Miguel Lozano

Personal information
- Born: 1979 (age 45–46) Montgat, Spain

Sport
- Sport: Diving

= Miguel Lozano =

Professional Spanish freediver

Miguel Lozano is a professional freediver and freediving entrepreneur from Barcelona, Spain. He won silver medals twice in two of the three depth disciplines (Constant No Fins and Free Immersion) in the AIDA World Depth Championships in Cyprus in 2015. Lozano was the first Spaniard to reach a depth of 100m in Constant Weight (CWT) and 83m in Constant No Fins (CNF).

== Biography ==
Miguel Lozano was born in 1979 in Montgat, Barcelona, in a small fishing village on the shores of the Mediterranean Sea. In 2011, Lozano made the 'magic' depth of 100m in constant weight. A year later, he descends to 117m while competing in Free Immersion in the Bahamas.

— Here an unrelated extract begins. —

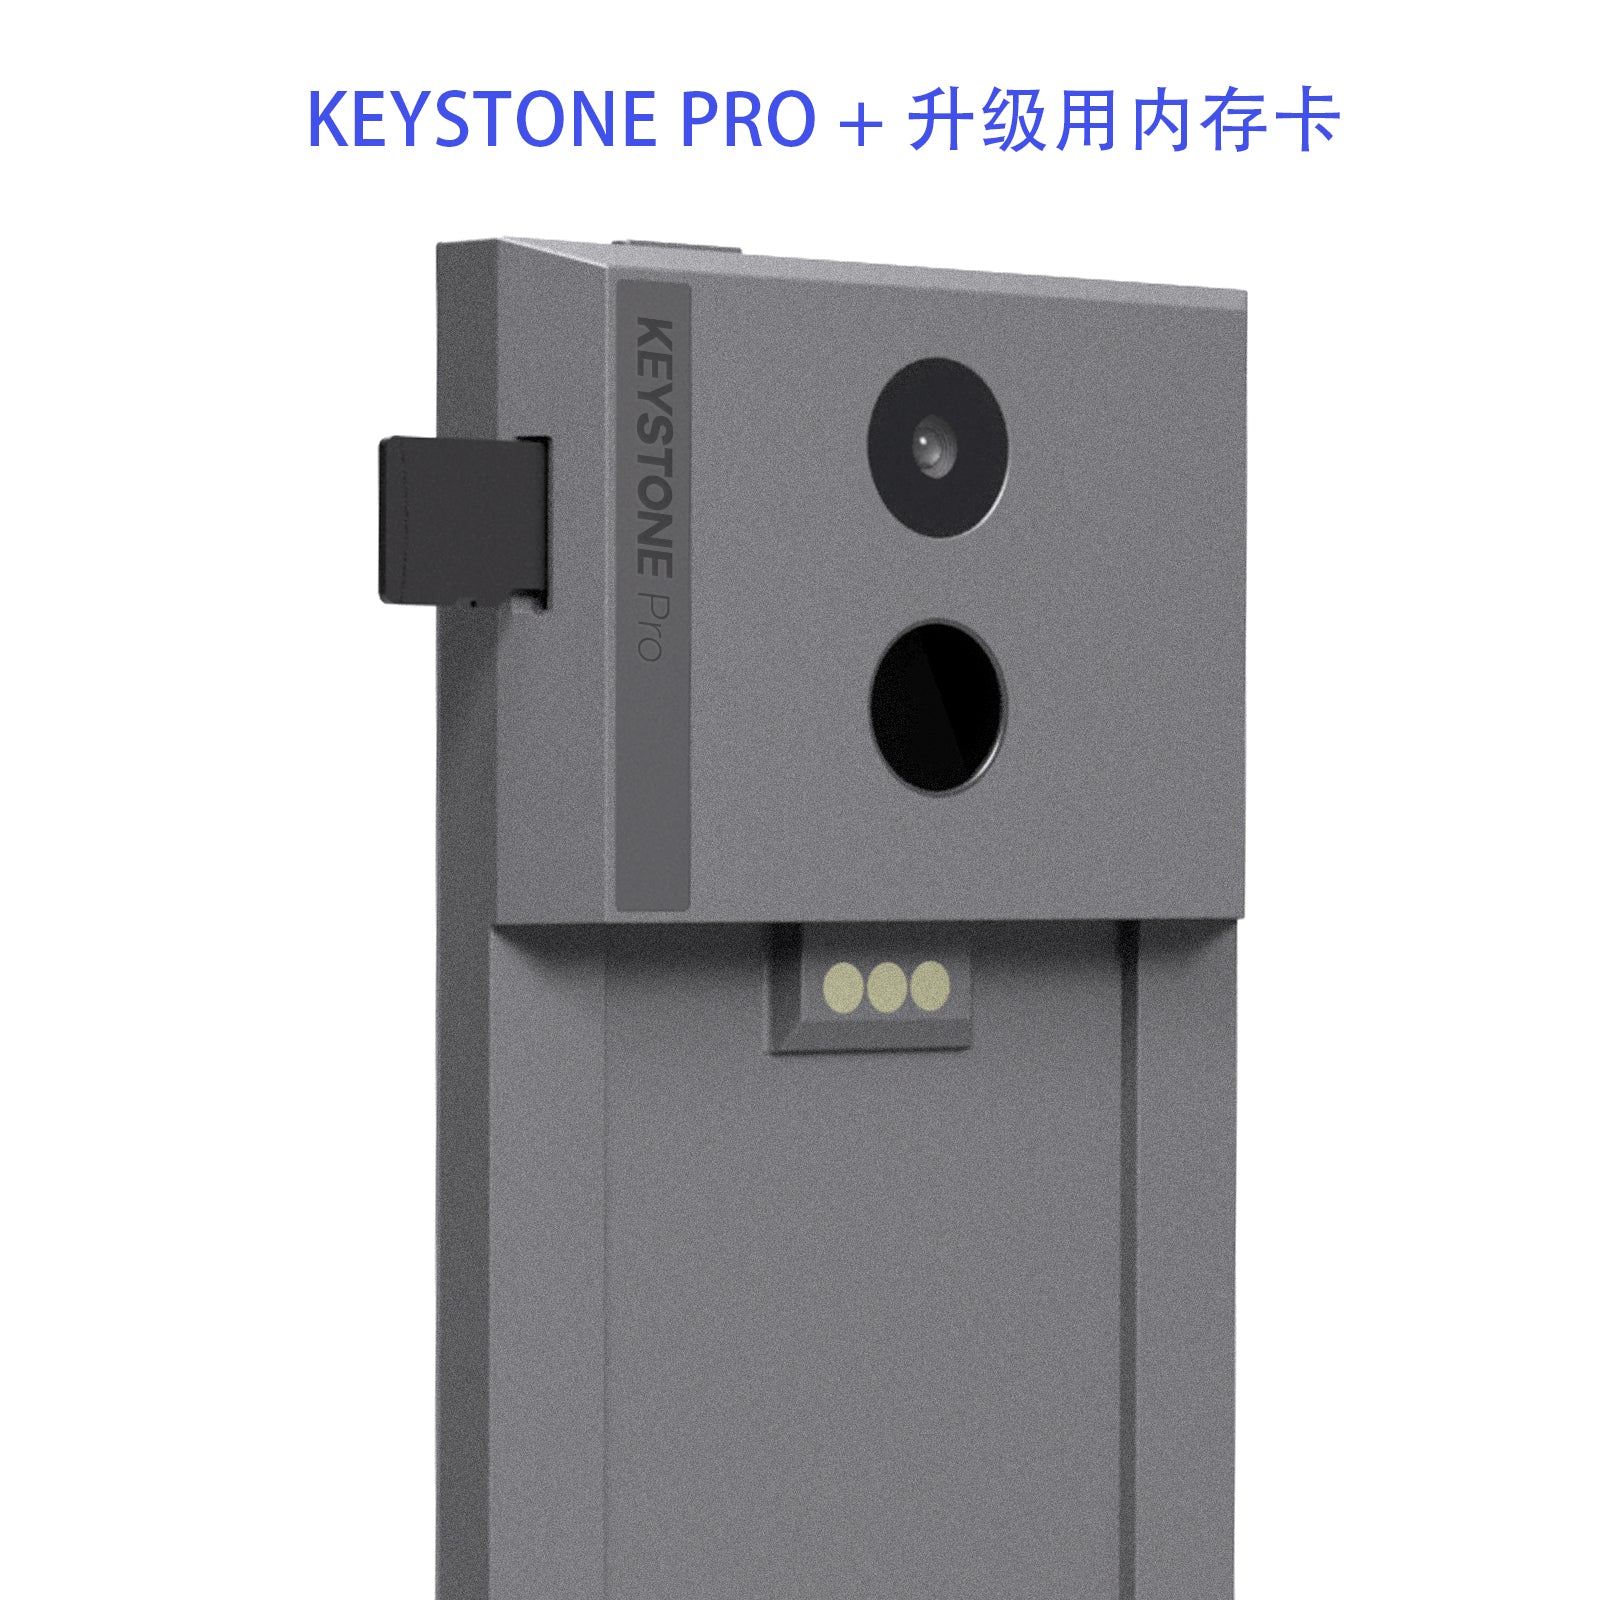 Keystone硬件钱包 metamask小狐狸钱包官方硬件合作伙伴 铠石Pro版冷钱包

In 2015, Lozano won silver medals twice in two of the three depth disciplines in the AIDA World Depth Championships in Cyprus. In 2016, he performed a 122-meter (400 feet) free immersion dive (FIM) at the Caribbean Cup Competition in Roatán, Honduras.

In 2022, Lozano attempted to break the world record for the deepest dive with the target depth of 125 meters, but he blacked out due to low oxygen pressure.

Currently, Lozano runs four freediving schools in the world: Apnea Canarias in Tenerife and Lanzarote, Dahab Freedivers in Egypt, and Freedive Air in Indonesia.